DOCKETS 50-266 AND 50-301 JANUARY 6, 1987 AMENDMENT REQUEST REGARDING RCS LOW-FLOW TRIP SURVEILLANCE TESTING (TAC'S 64688 AND 64689)

POINT BEACH NUCLEAR PLANT, UNITS 1 AND 2 This letter is in response to the further information requested in T. G. Colburn's letter to C. W. Fay dated April 7, 1987, l regarding our license amendment request for reactor coolant system low-flow trip surveillance testing.

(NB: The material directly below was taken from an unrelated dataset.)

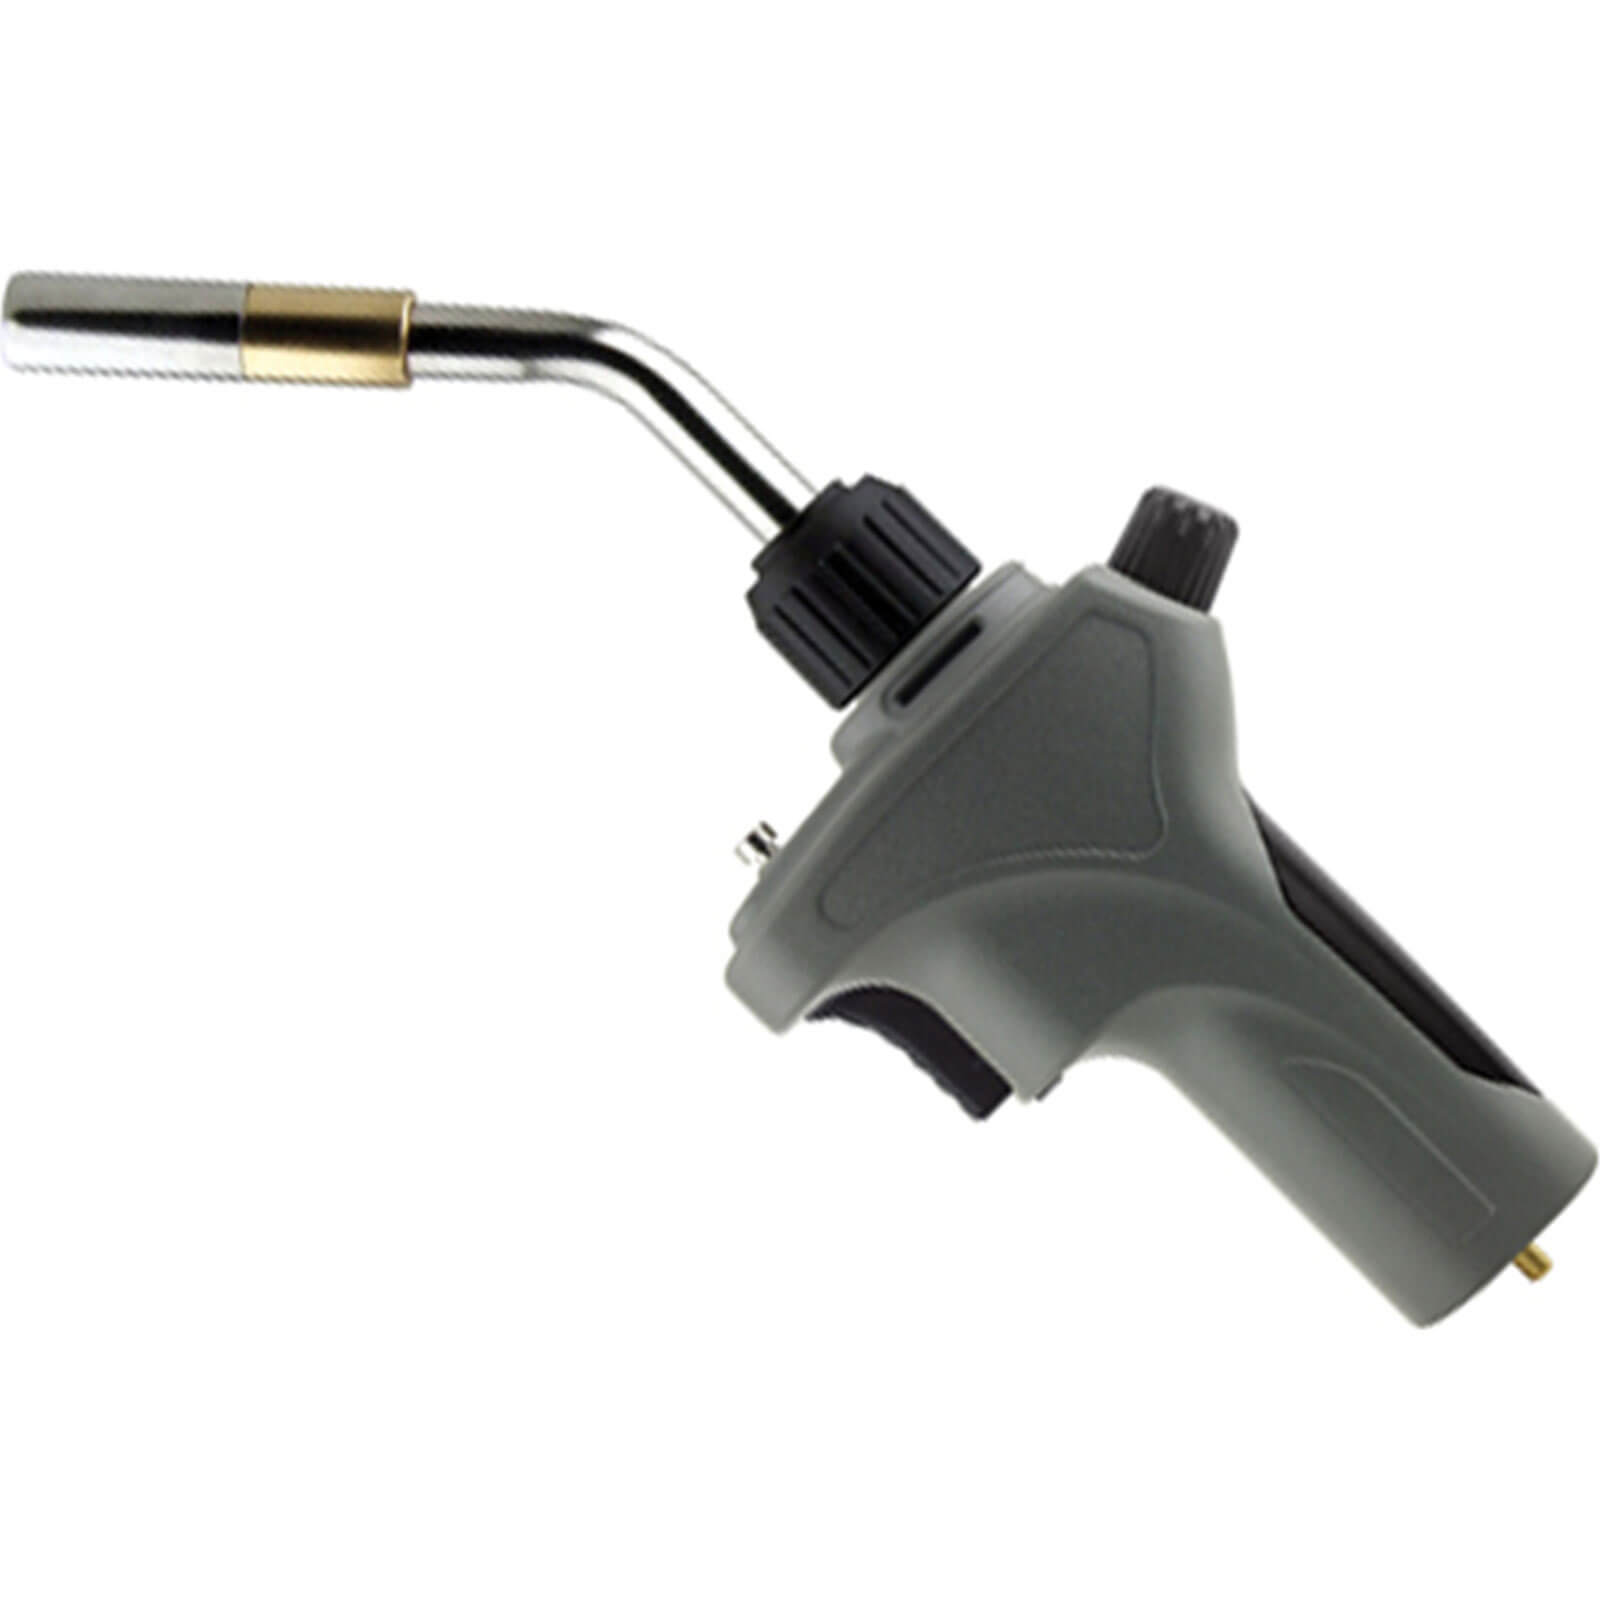 Monument 3475G Pro Gas Blow Torch

l Question 1 1 Please provide a copy of the electrical schematics and logic drawings containing these relays, their contacts, bistables, and a discussion showing how testing the double loss of flow trip at power would actually initiate a reactor trip.

Response

For brevity, this discussion is limited to one train of reactor protection circuitry and associated testing of the reactor coolant flow logic circuits. The discussion, however, is equally applicable to the other train of reactor protection circuitry.

-The attached " Logic Test Switch Table" shows that selector low switch S1 does not accommodate testing of the "A" plus "B" reactor coolant flow to reactor trip circuitry. Position 16 allows testing the "A" loop low-flow logic, while position 17 allows testing the "B" loop low-flow logic.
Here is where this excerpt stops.